I watched the palm trees and didn’t speak.
“She played the cello, you know,” Susan said. “It’s a very mournful instrument, when you think about it. I think Phaedra spent most of her life running away from a lot of sadness.”
“Sadness with men?” I asked.
“She was a very sensual creature. That part of her set her free from her devils, I think. Maybe only temporarily, and maybe it was self-destructive. But it was enough for a while.”
“Love?” I coaxed.
“It wasn’t love. Love hurt too much. She told me, ‘Always be the one to leave; never be the one who’s left.’ Quite a philosophy for a twenty-eight-year-old. Once, she told me she always tried to juggle two or three lovers at once so her heart would never be exposed, as she put it. They never knew about one another, of course.”
“Sounds like Phaedra had a lot of secrets.”
She looked at me with those green eyes. “Haven’t you ever had secrets, David? Cheated on your lover? Had a one-night stand with a friend, or with a stranger? Did something you never thought you’d do, and it was strange and wonderful and exciting? You felt alive like you never imagined possible. The next day, you acted like nothing ever happened. That part of your history belongs only to you.”
“What I’m after is the secret that will catch a murderer.”
We sipped tea and watched a bird fighting to get into the palm tree to nest. She asked, “Why are you here?”
“You called me.”
“No, David. I mean, why are you investigating this case? This isn’t an unsolved murder case from 1959. Why in the world are you involved in this?”
She had turned the tables on me very neatly. So much for my great interview skills. “It started out personal. Phaedra’s sister, Julie, is an old friend of mine from college.”
“Talk about secrets,” Susan said. “She’s an old girlfriend, right?” I nodded. “Men have a way of referring to their old girlfriends. Something in their voices. I’ve been referred to that way before.”

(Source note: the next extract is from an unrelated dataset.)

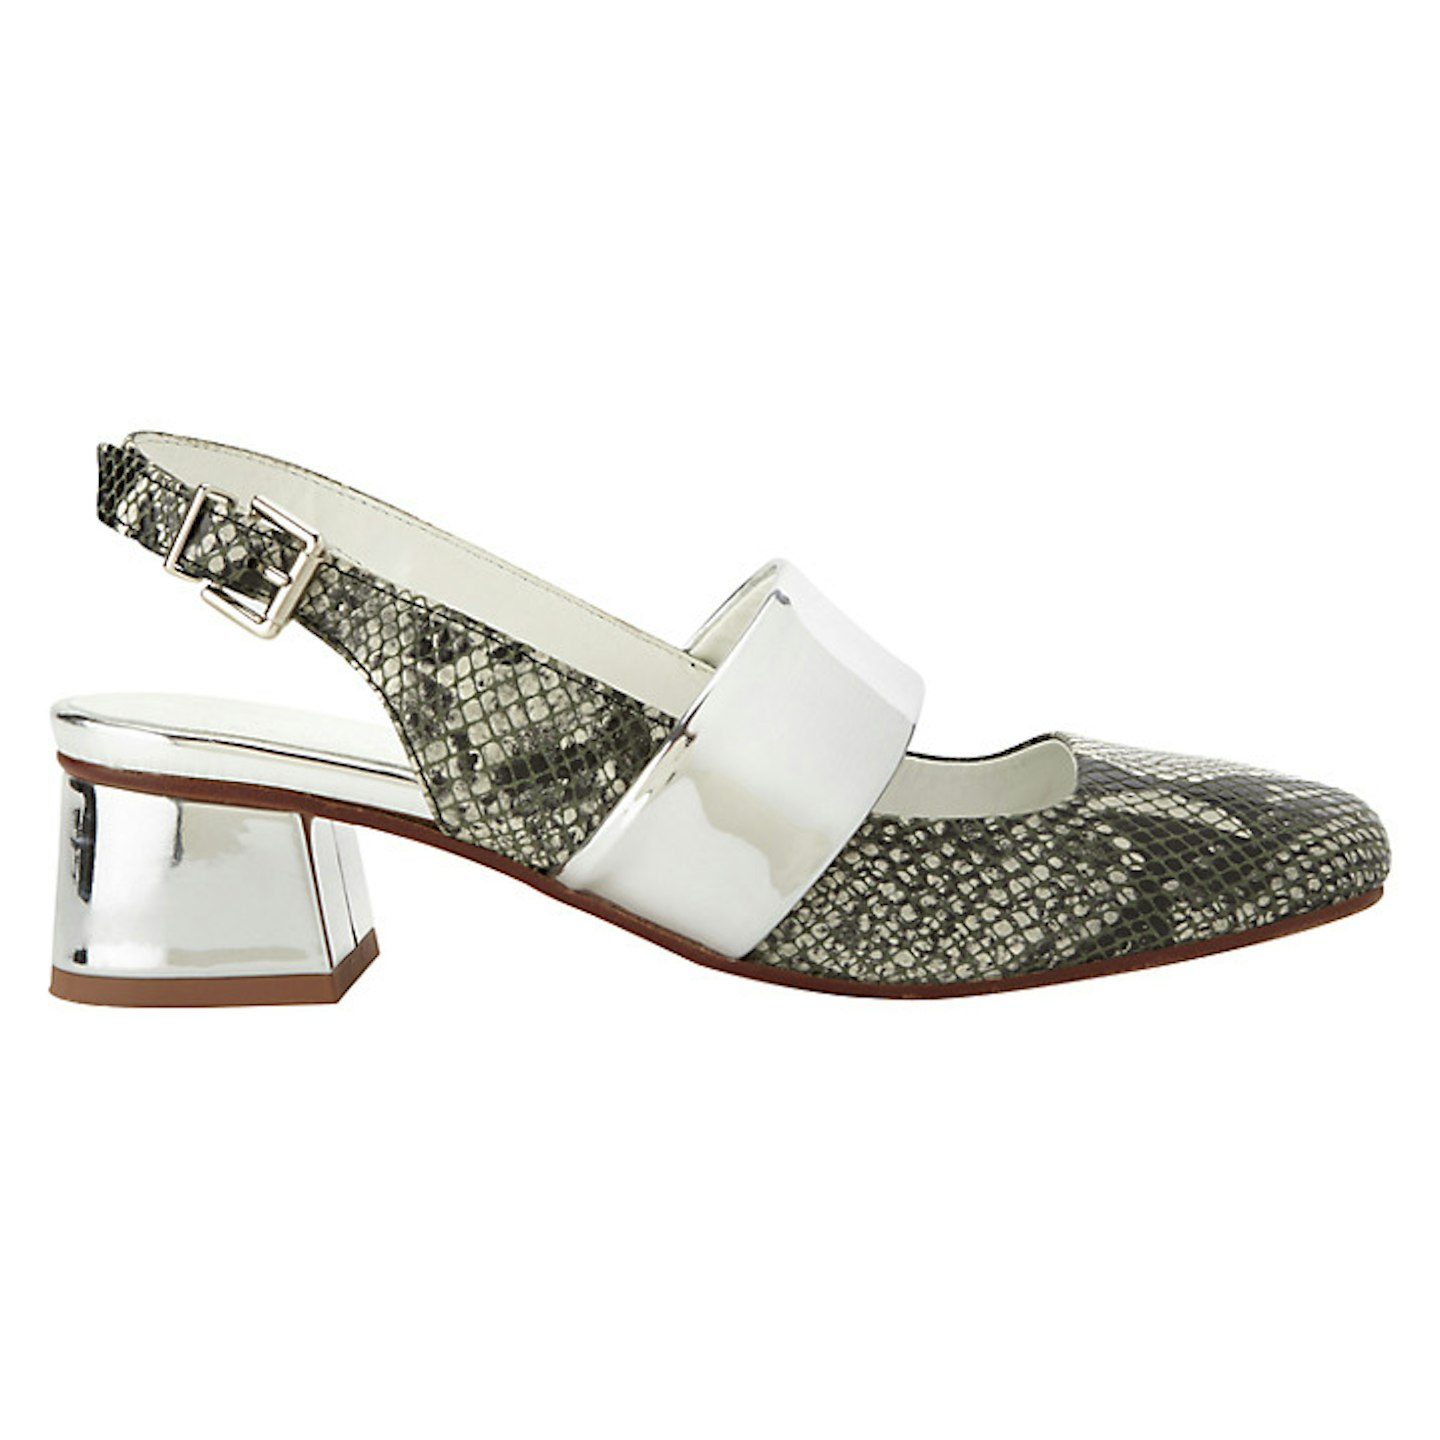 Finery Ferncroft Sling Back Closed Toe Sandals, Pewter £95

I laughed unhappily. “Julie showed up at my door one night and asked me to see what I could do. I thought I was going to make a phone call and be done with it.”
“But you didn’t.”
“No.” I sighed. “No, I stayed with it.”
“Why?”
“I can’t really say. Something about Phaedra got under my skin. Something mysterious, maybe. Something tragic.”

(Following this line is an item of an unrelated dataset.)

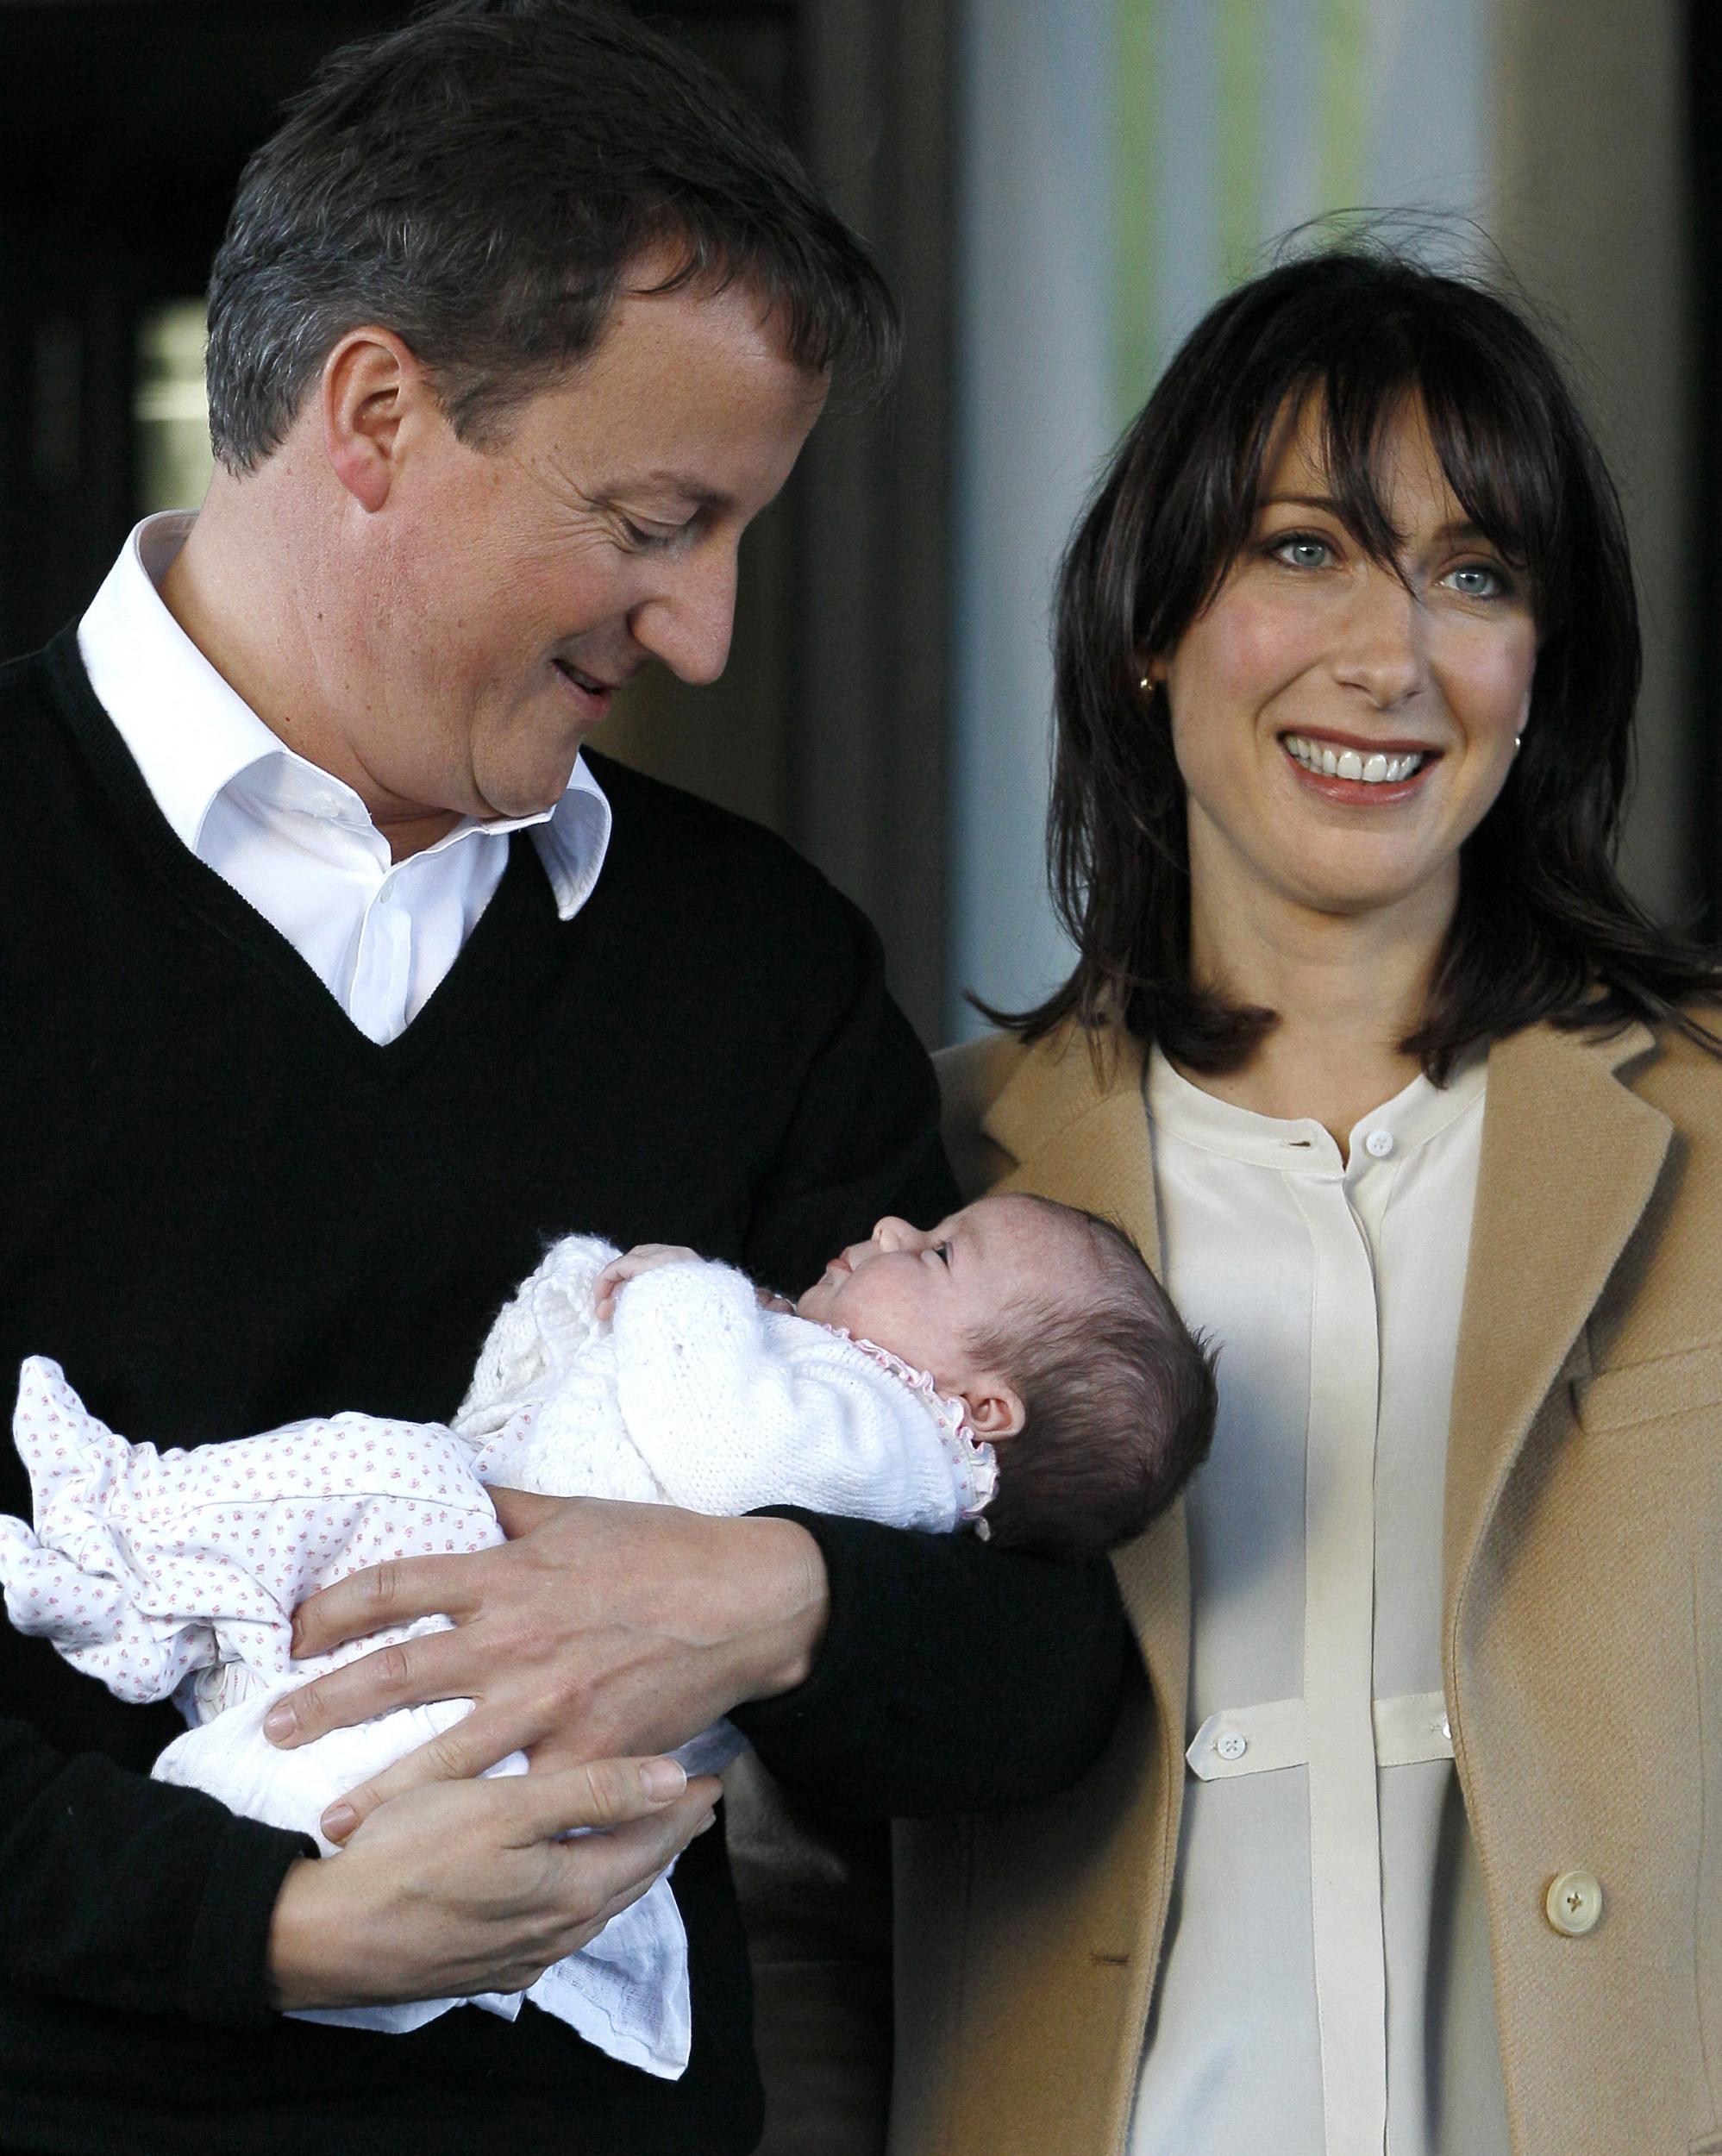 David Cameron arrives with his wife Samantha and their baby daughter Florence (5 October 2010)

“I think she had that effect on people. She did on me.
“Look,” she said, pushing back her hair, “I’ve been working since I was fourteen years old. Otherwise, God knows what kind of a mess I could have gotten into. I remember when I was Phaedra’s age. There’s no end to the trouble that can find you…especially where men are concerned.”

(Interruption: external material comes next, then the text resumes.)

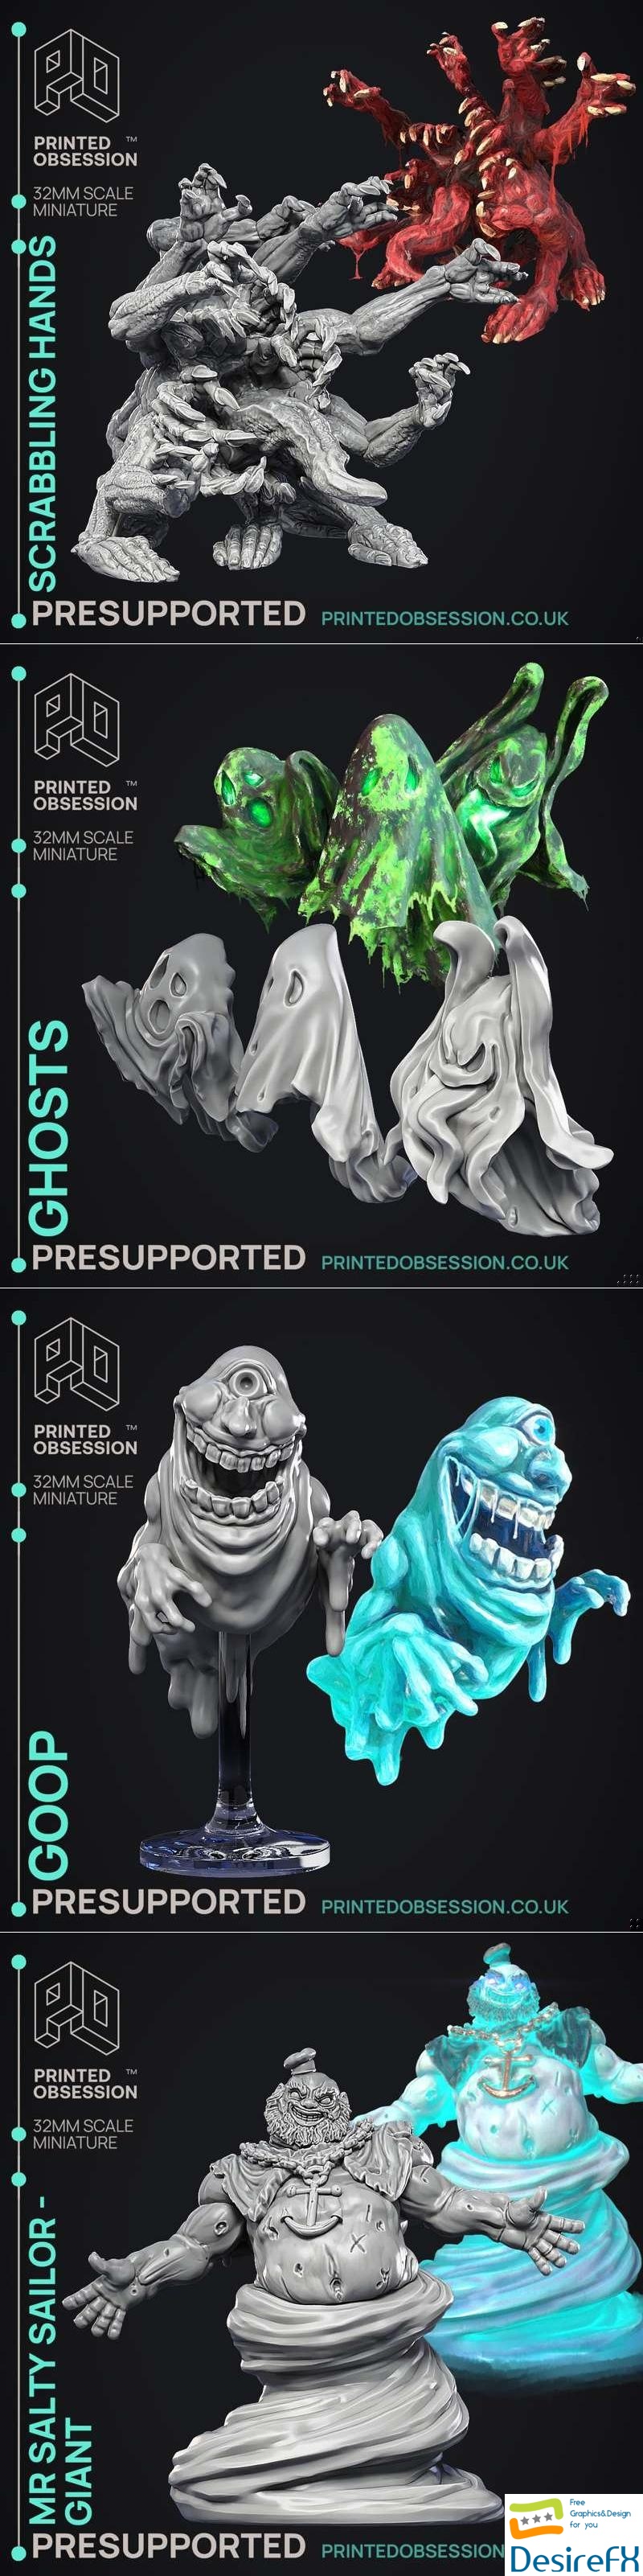 Printed Obsession - Ghastbusters February 2024 3D Print

“And you think it was her boyfriend Greg Townsend who got her into the trouble?”
“I never met the man,” Susan said. “And Phaedra was afraid to tell me much. But once she got drunk with me and said she had dated a man who flew in cocaine from Mexico. She said she felt like a fool because she didn’t even realize it at first; she just thought they were flying to Mexico every other weekend to have a good time.”
“But?”
“But something happened. She never told me what. But somehow it became clear to her what Mr. Wonderful was doing. So she told him adios and came back to Phoenix. That’s when she went to work for me.”
“Did she ever mention somebody named Bobby Hamid?”
She shook her head.
“So what went wrong?”
“I don’t know,” Susan said. “After she’d been working for me a couple of months, she said one Friday that she was going to Sedona for the weekend. I must have looked at her like, Are you nuts? because she said, ‘Susan, don’t worry.’ That following Monday, she was late, and when she finally came in, she looked like hell. She never seemed the same. About a week after that, she said she had to go away to take care of some business.
“After that, she might call me once a week. I saw her twice. She told me she had overheard something she shouldn’t have. She said she was afraid she was going to be killed.”
“By whom?” I asked. “By Greg Townsend?”
“She wouldn’t say. It was never clear. But as I told you at the mall, she was convinced the cops were paid off and that nobody could be trusted.”
“And now Greg’s dead, too,” I said. “So where does that leave us?”